** Exercise requirements **
Can you print the data exactly and leave out each image?

** Given information **
────────────────────────────────────────

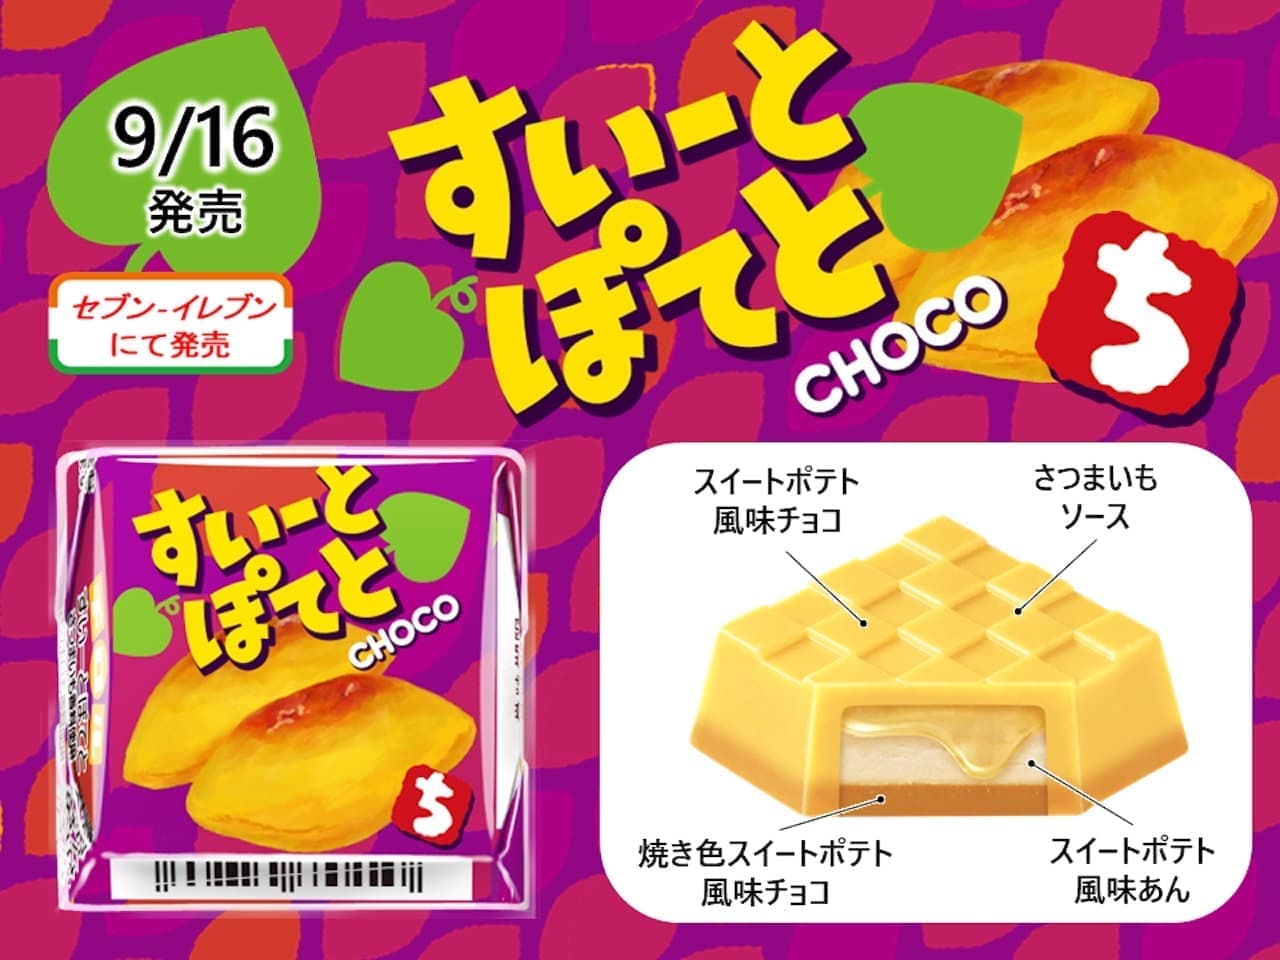 7-ELEVEN "Chirole Chocolates (Suito Potato)
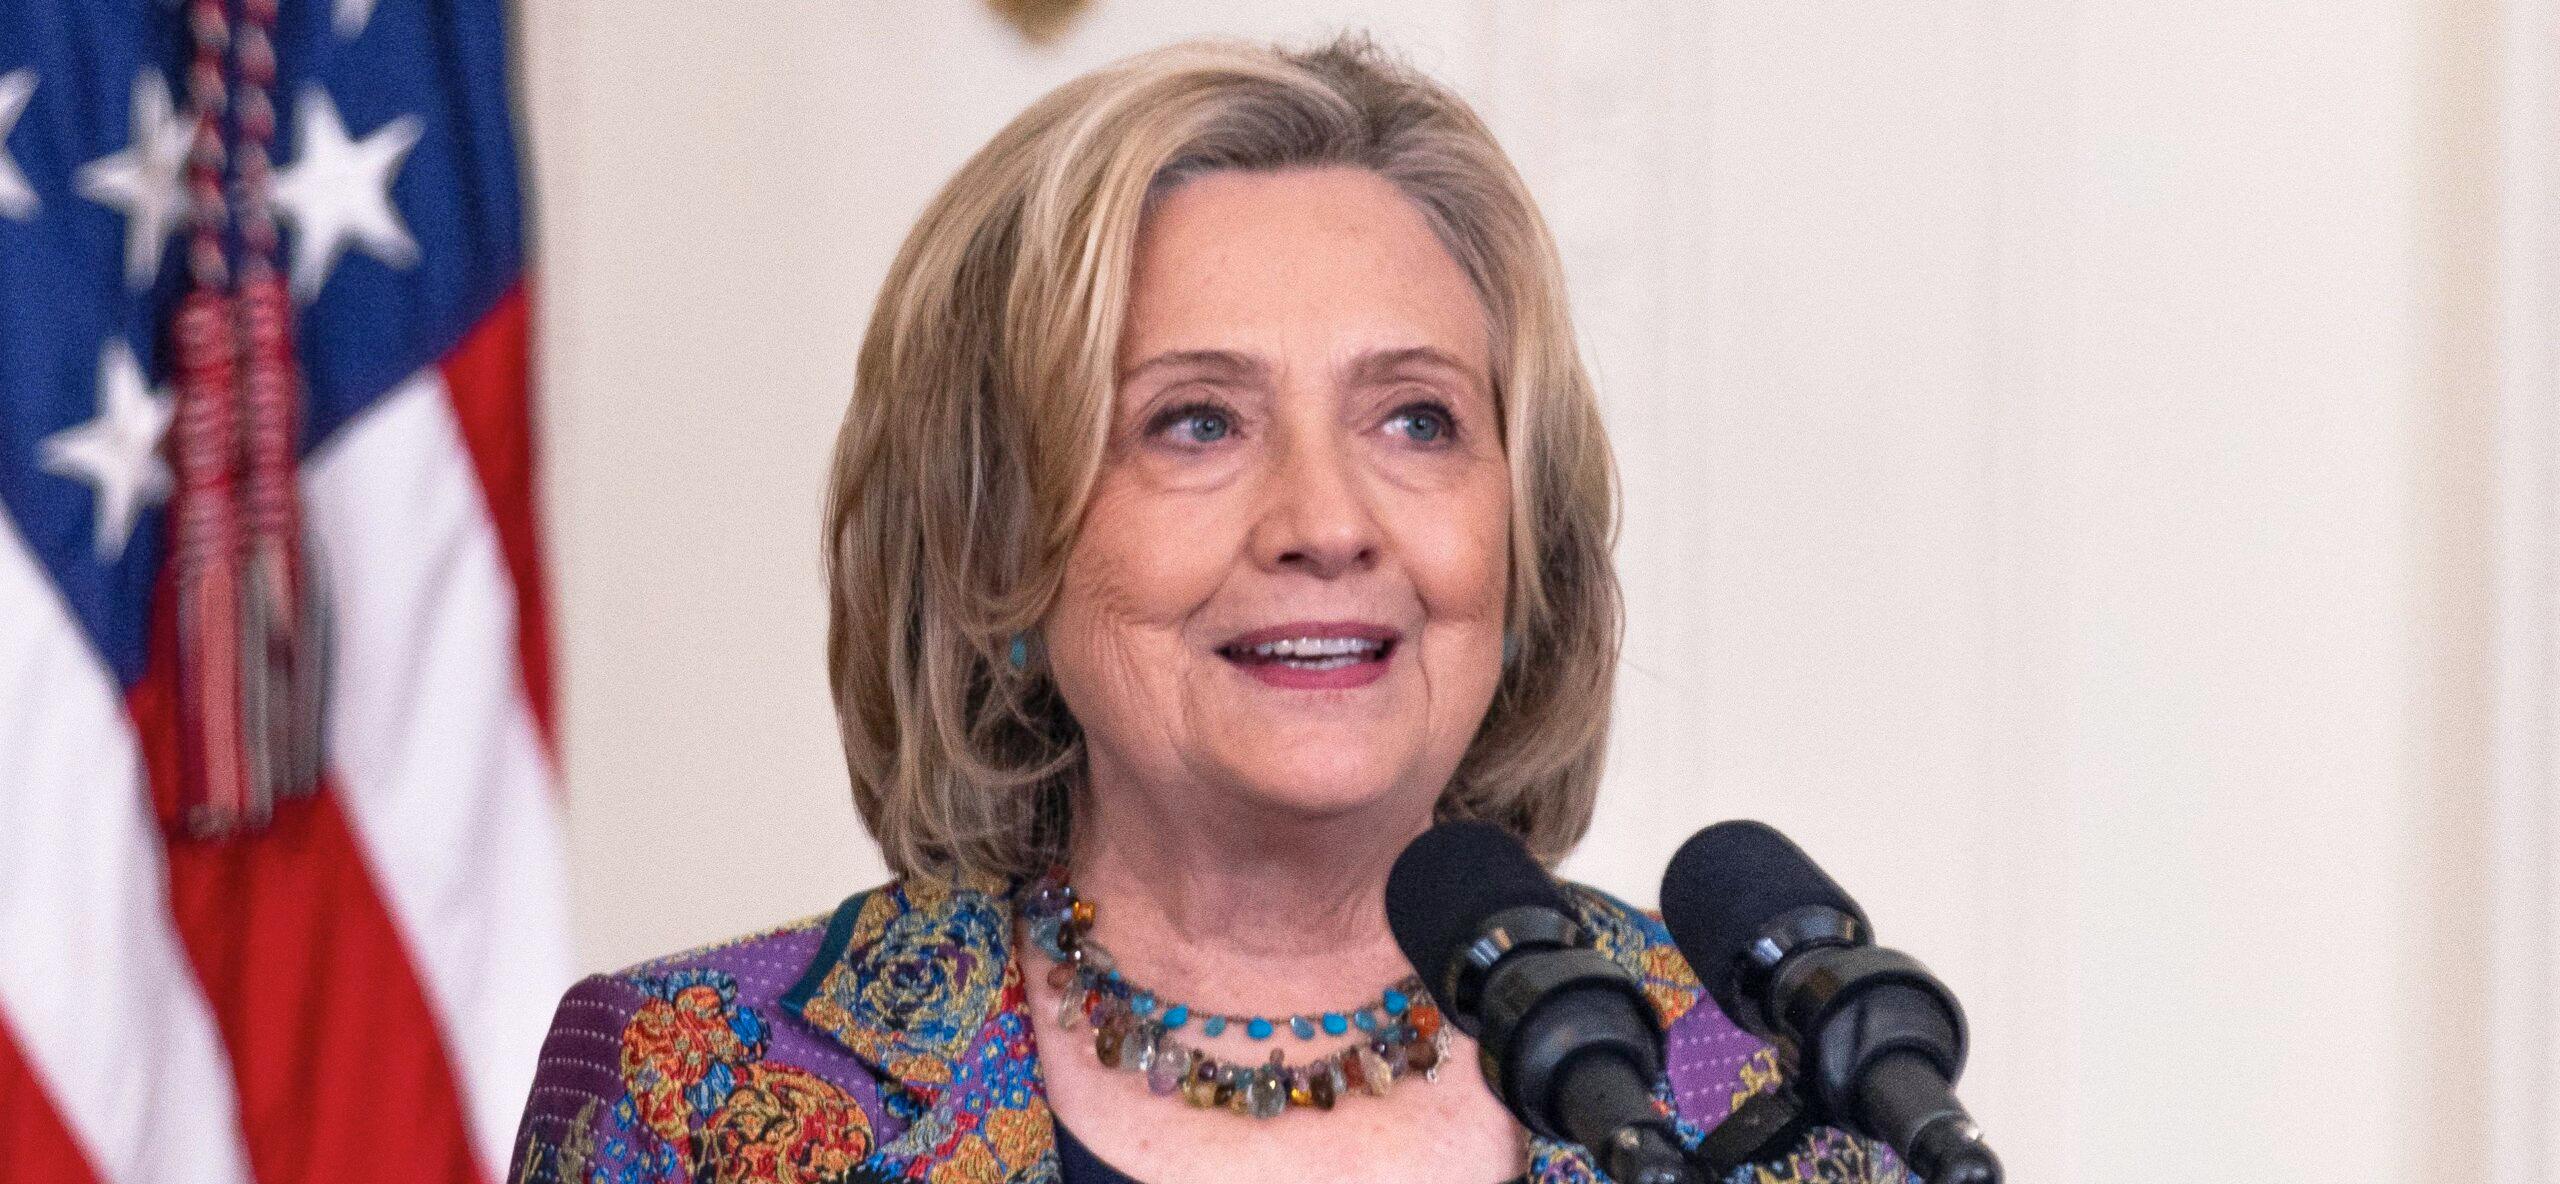 Hillary Clinton Slammed For Linking Her 2016 Election Loss To ‘Barbie’ Oscars Snub
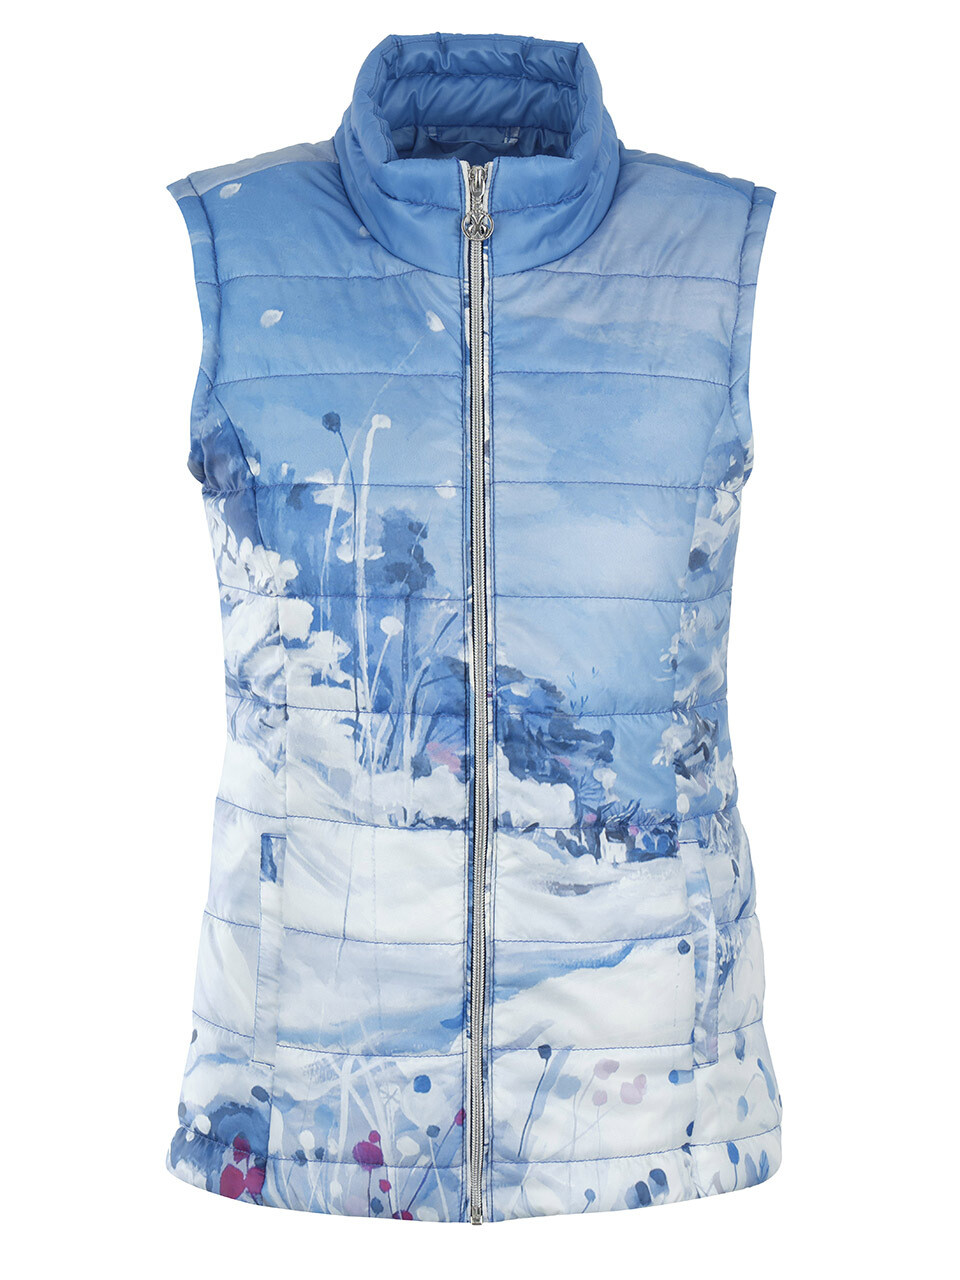 Simply Art Dolcezza: Snowfall Abstract Art Pocket Zip Vest
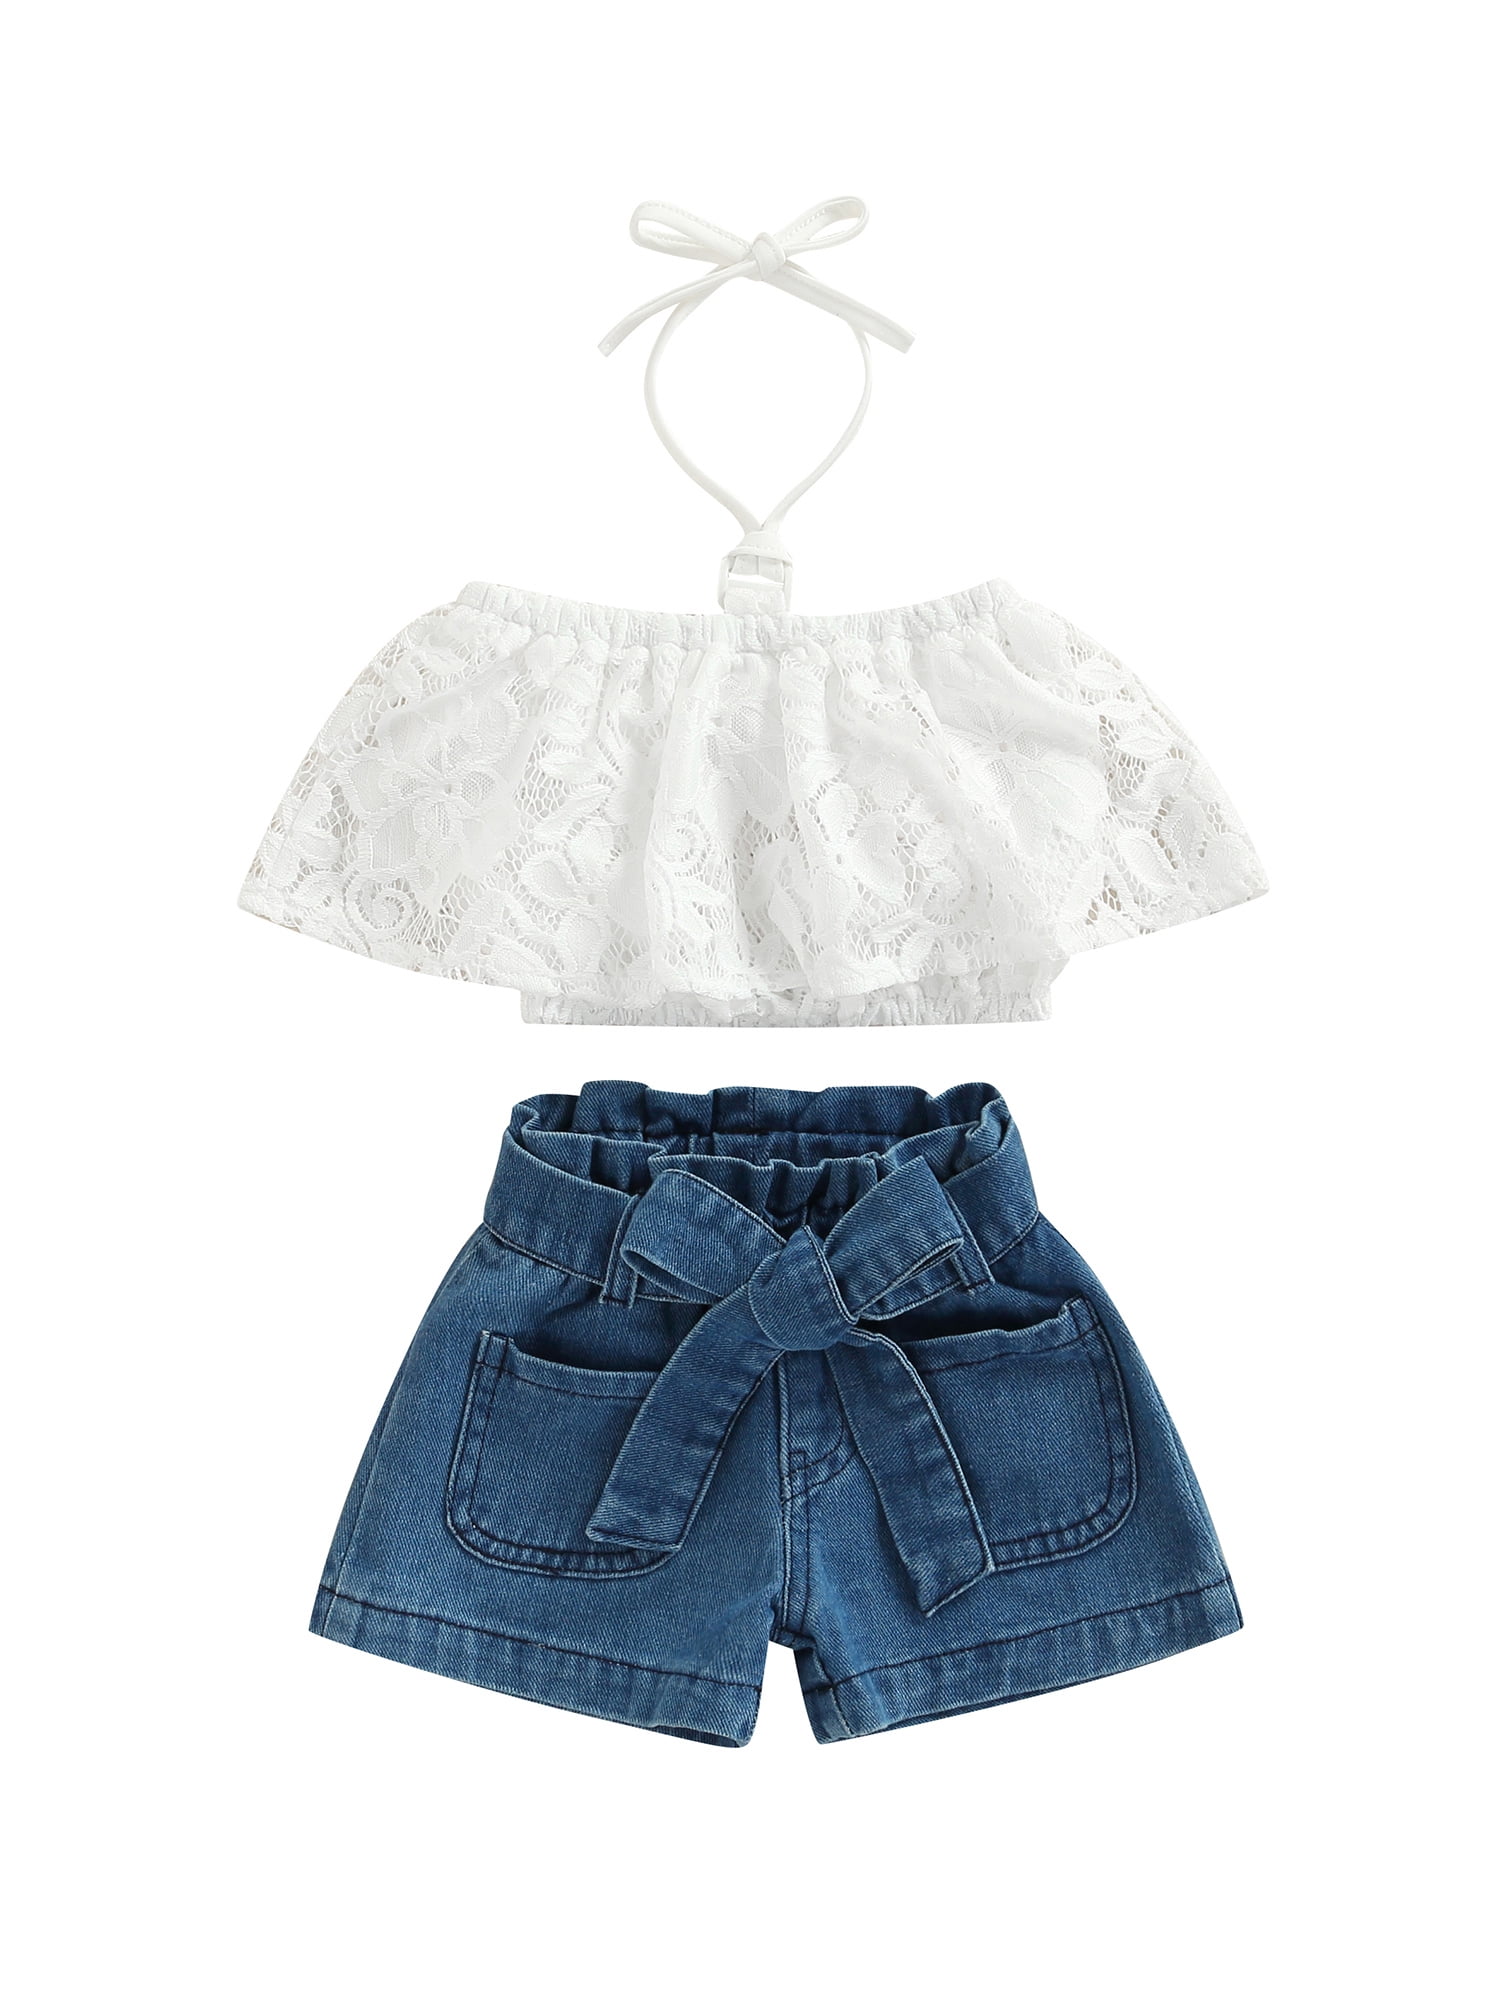 Drivkraft pensum eksil wybzd Toddler Baby Girl Summer Outfits Off Shoulder Halter Lace Crochet Crop  Top Denim Shorts Clothes Sets,Blue - Walmart.com

────────────────────────────────────────

** Result below **
 7-ELEVEN "Chirole Chocolates (Suito Potato)
 Hillary Clinton Slammed For Linking Her 2016 Election Loss To ‘Barbie’ Oscars Snub
 Simply Art Dolcezza: Snowfall Abstract Art Pocket Zip Vest
 Drivkraft pensum eksil wybzd Toddler Baby Girl Summer Outfits Off Shoulder Halter Lace Crochet Crop  Top Denim Shorts Clothes Sets,Blue - Walmart.com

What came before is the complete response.